**DATA EXCERPT**.
================================
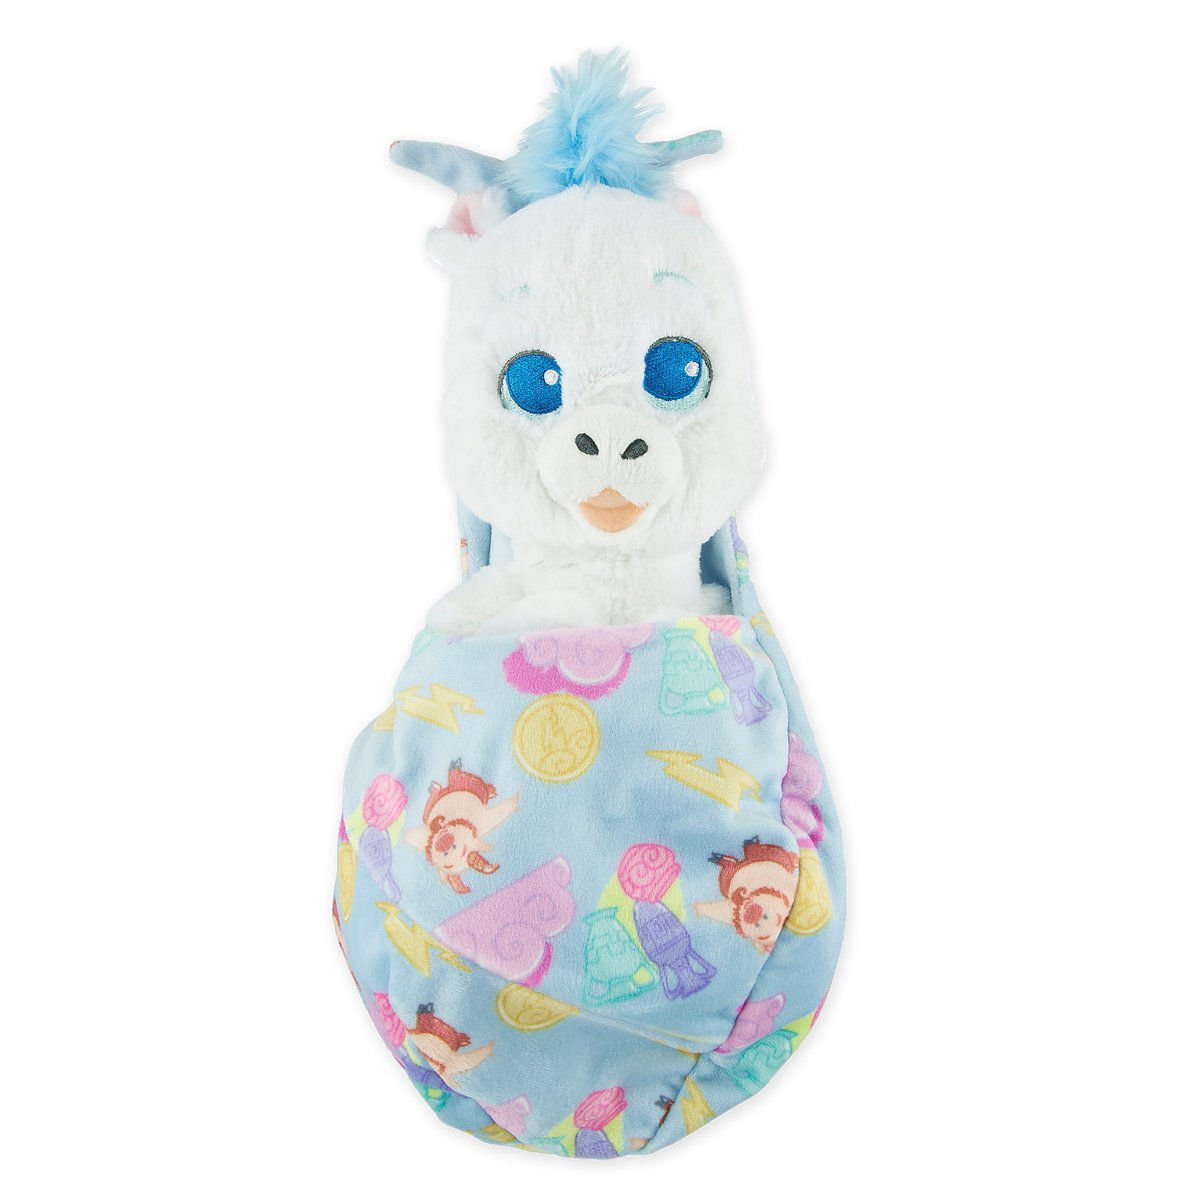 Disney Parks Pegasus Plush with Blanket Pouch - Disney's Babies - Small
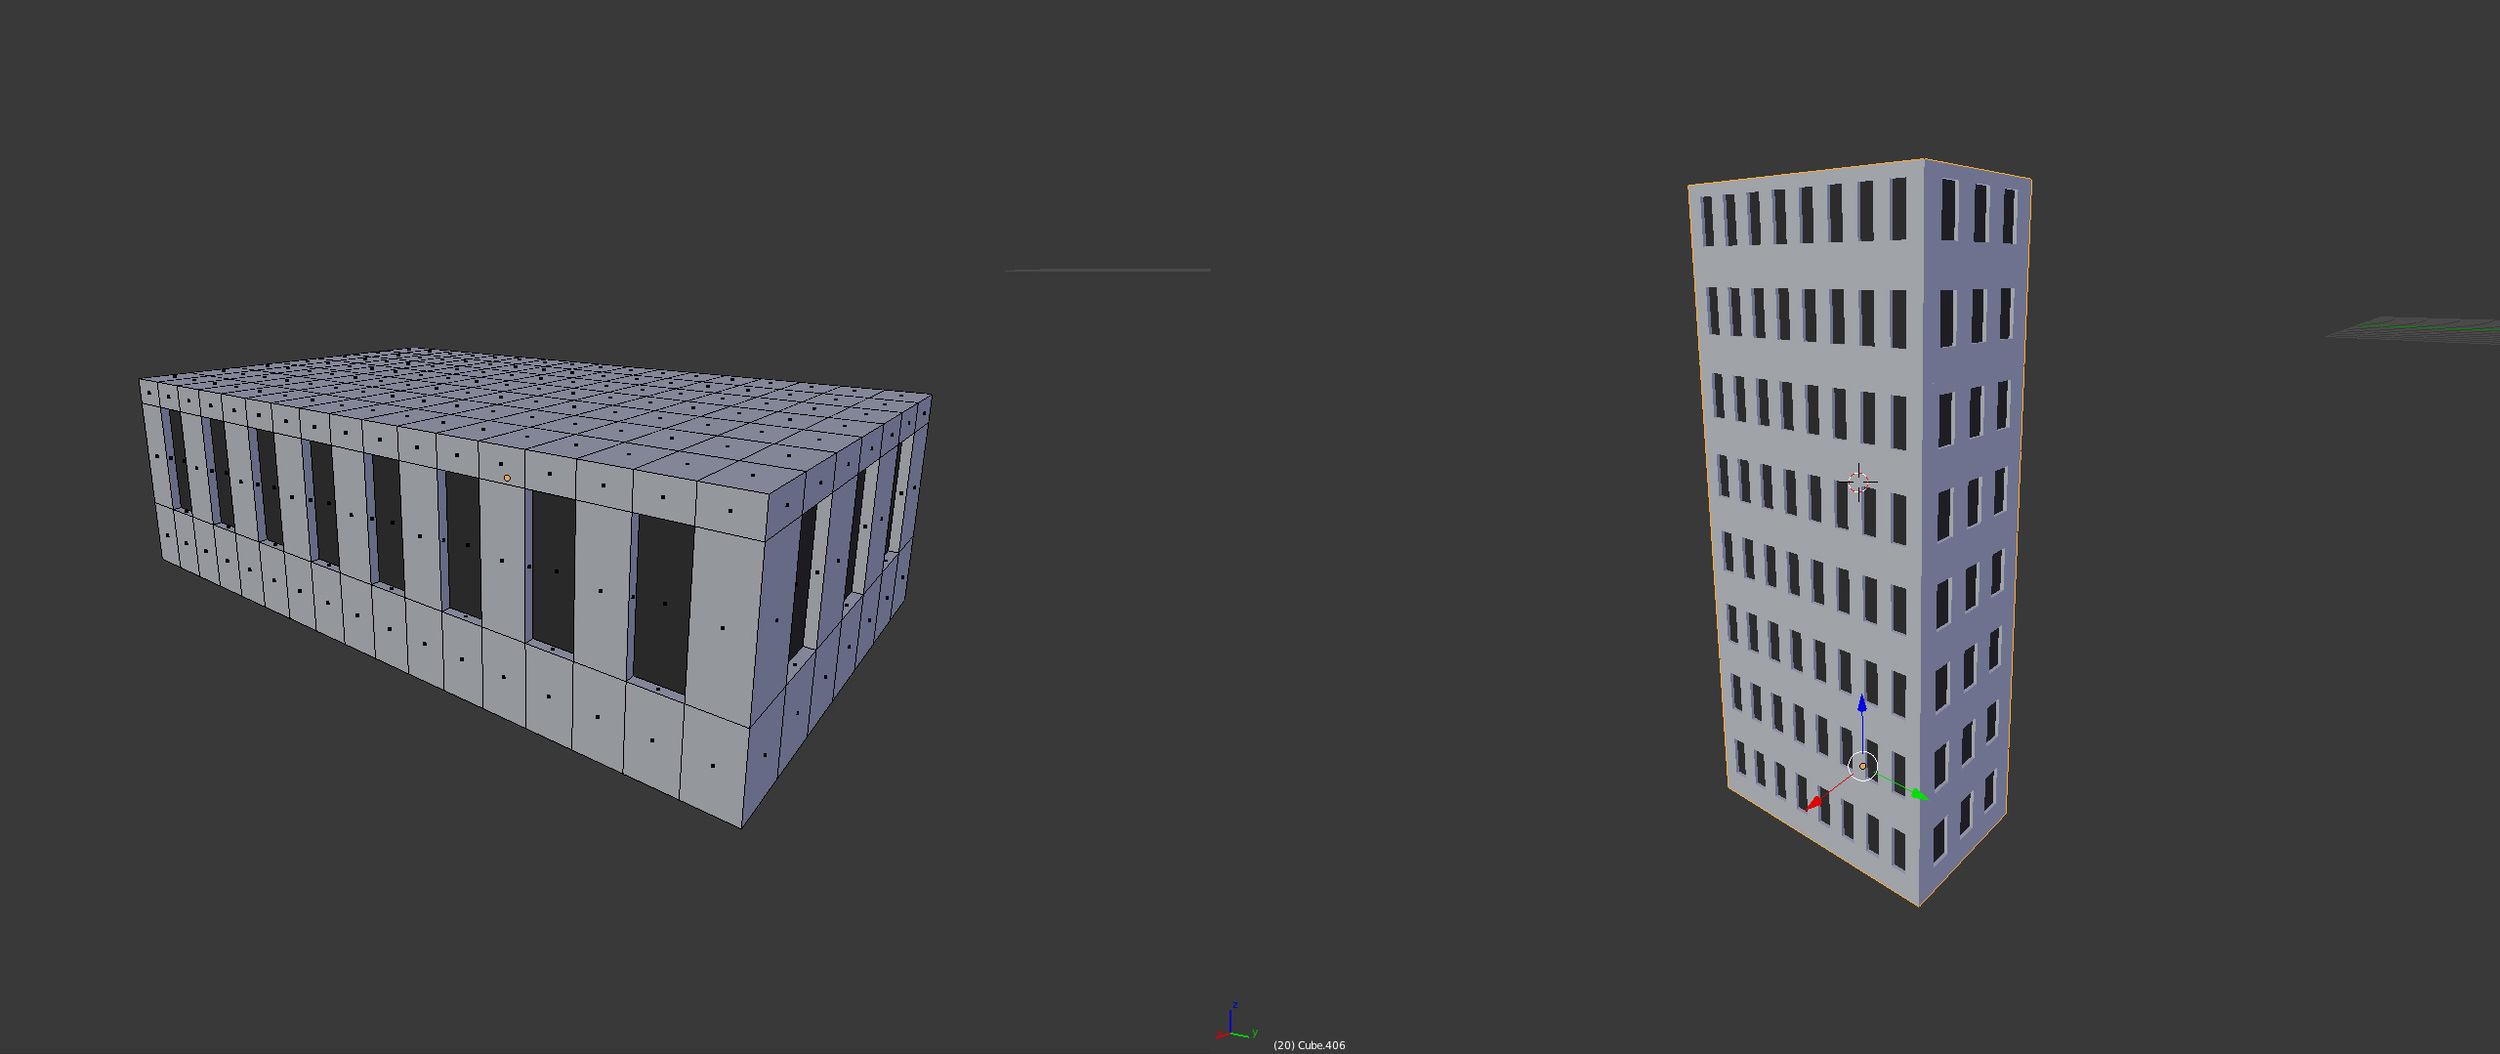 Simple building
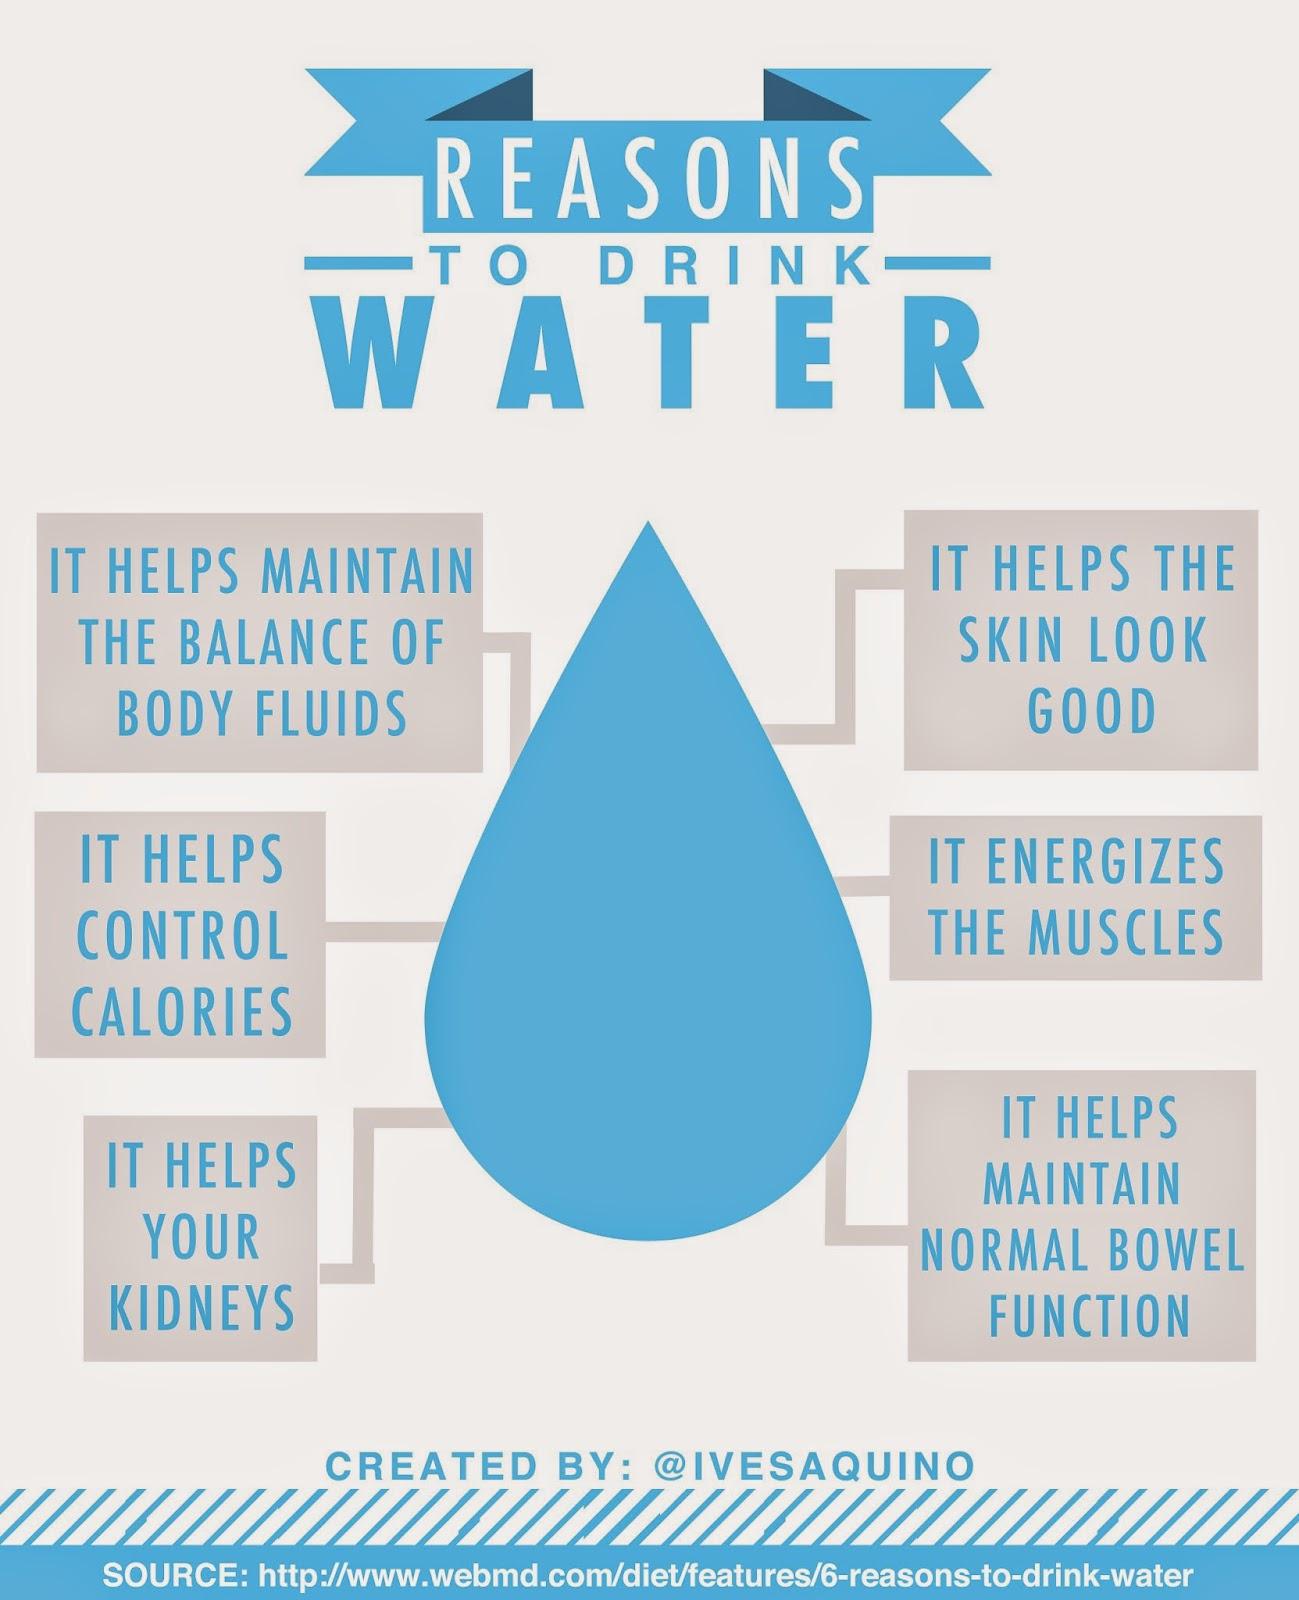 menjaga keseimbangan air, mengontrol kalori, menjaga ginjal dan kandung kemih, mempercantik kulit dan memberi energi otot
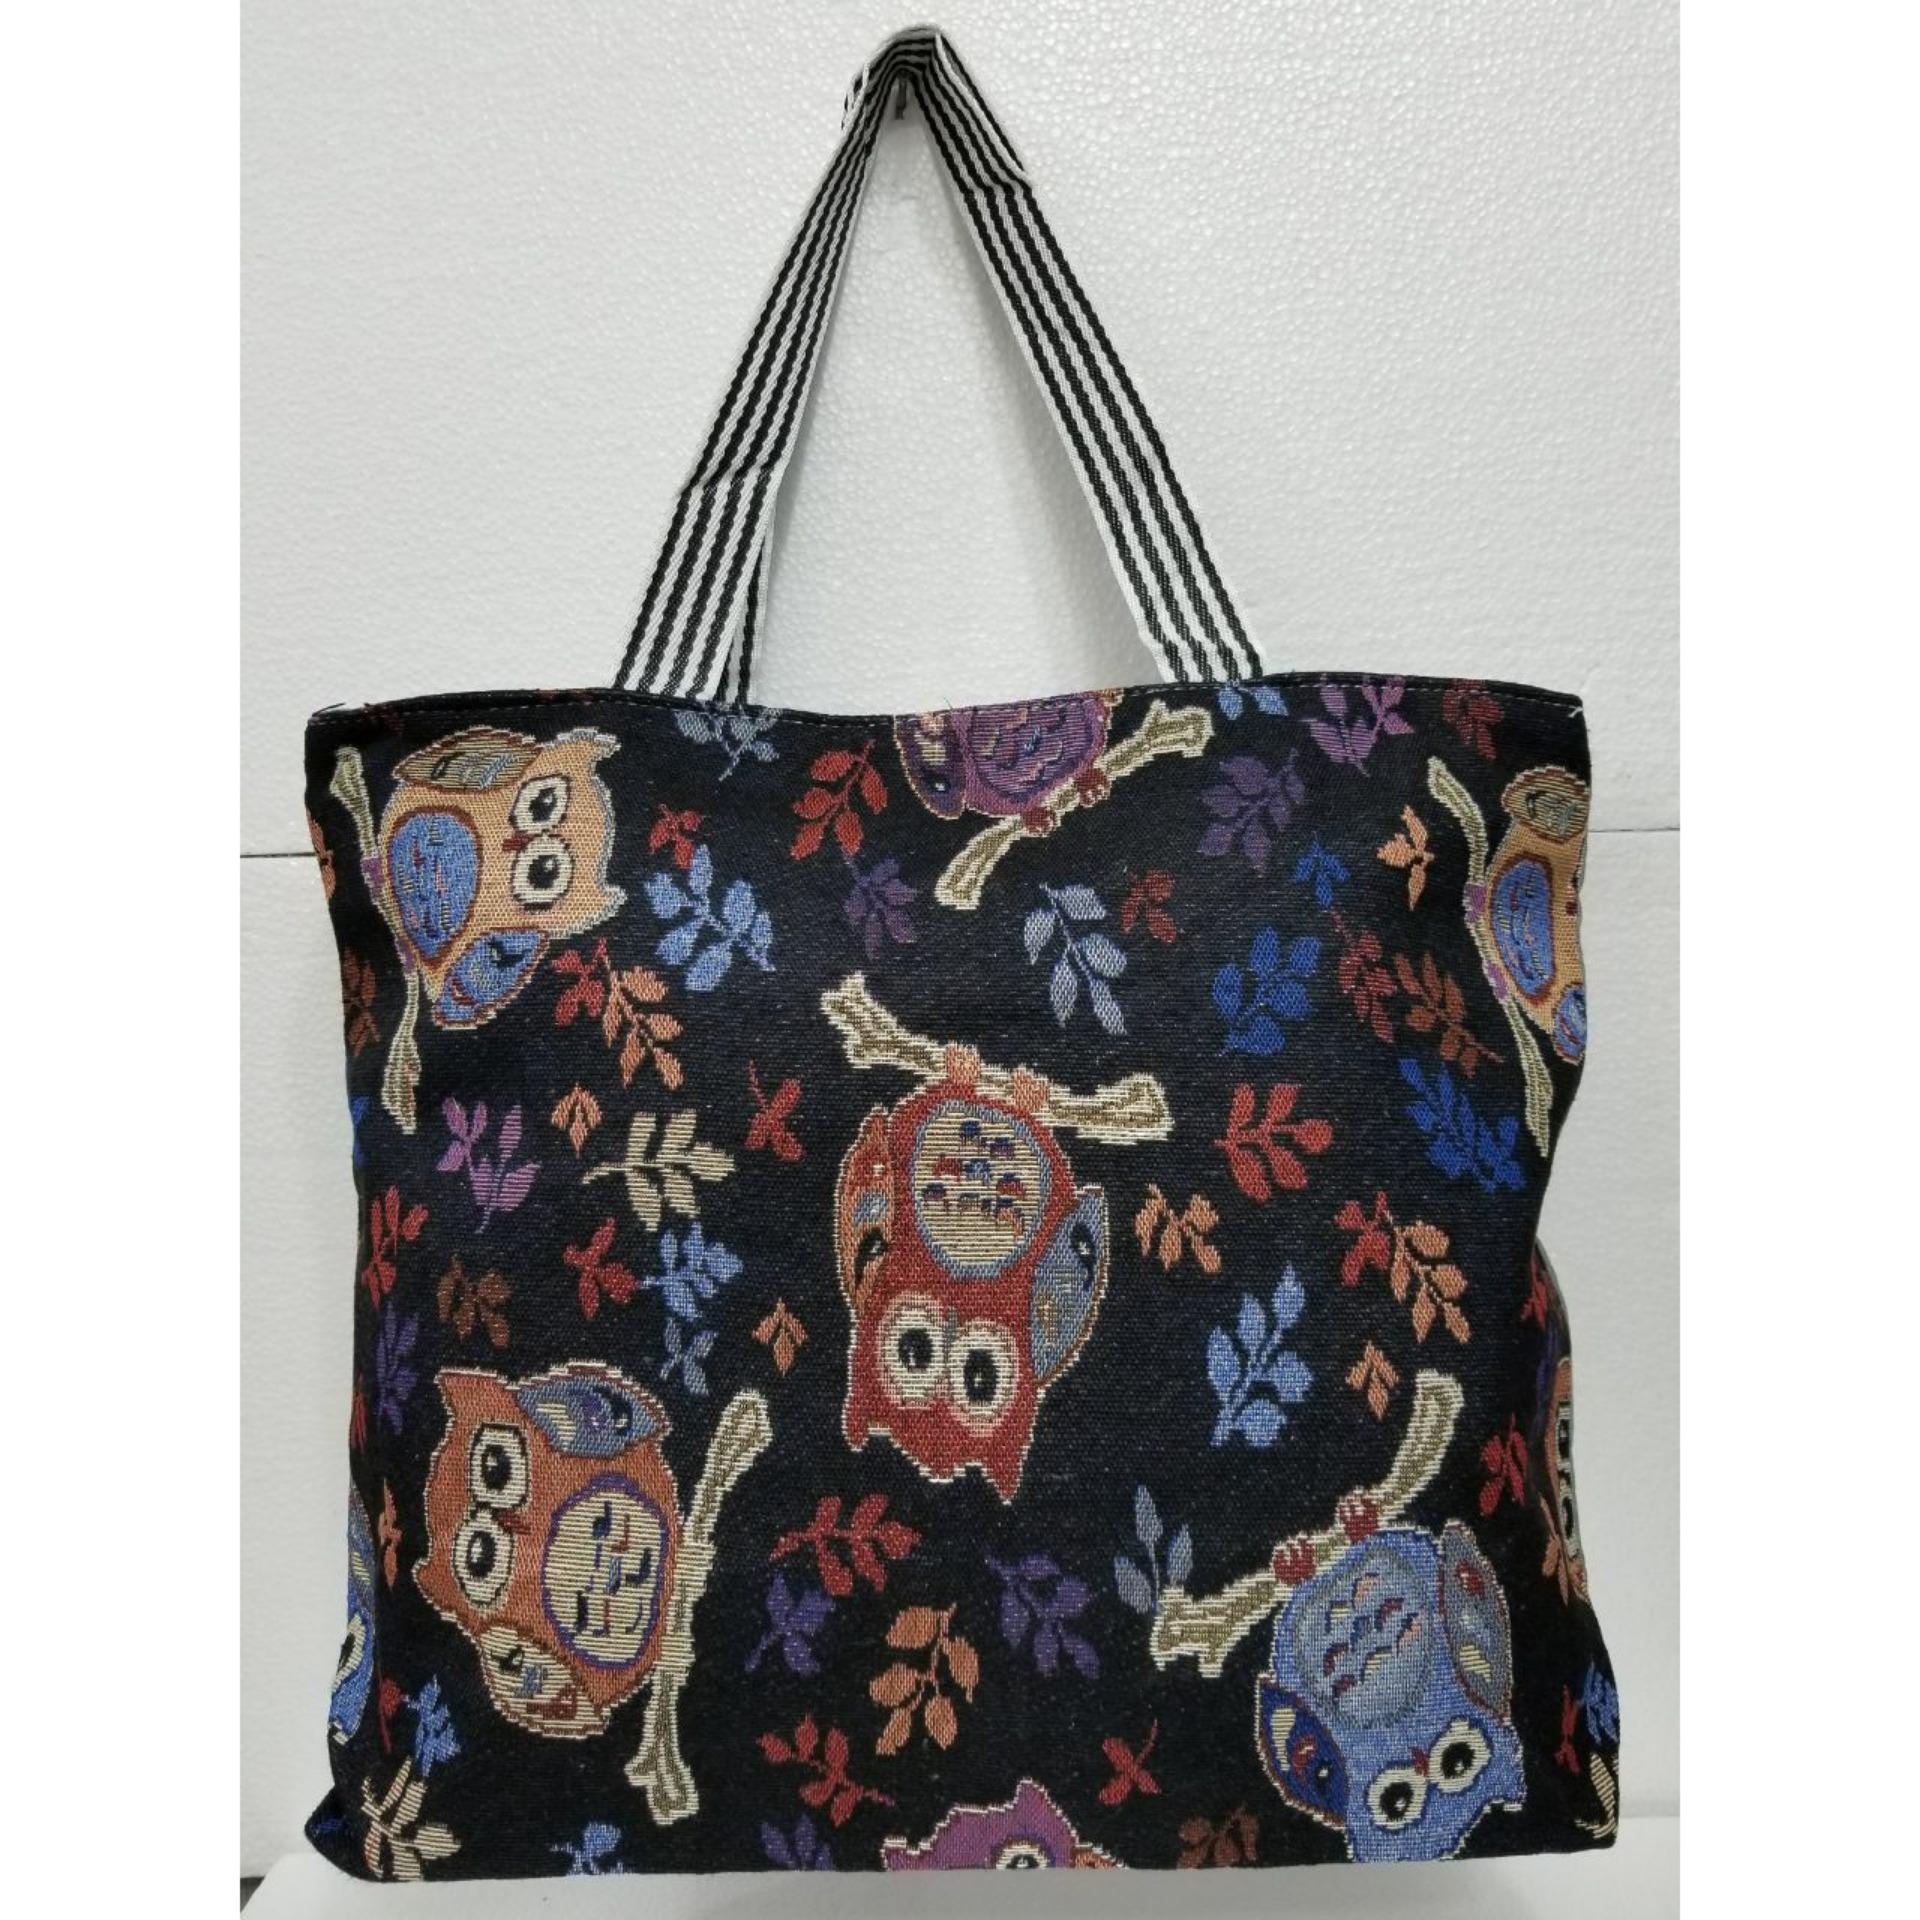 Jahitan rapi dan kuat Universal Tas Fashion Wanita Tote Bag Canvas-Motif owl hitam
================================
**WORK ORDER**.
Working from the line with "Simple building" to the last line of the material above, repeat each line exactly and leave out the pictures.

**RESULT OF THIS TASK**.
 Simple building
 menjaga keseimbangan air, mengontrol kalori, menjaga ginjal dan kandung kemih, mempercantik kulit dan memberi energi otot
 Jahitan rapi dan kuat Universal Tas Fashion Wanita Tote Bag Canvas-Motif owl hitam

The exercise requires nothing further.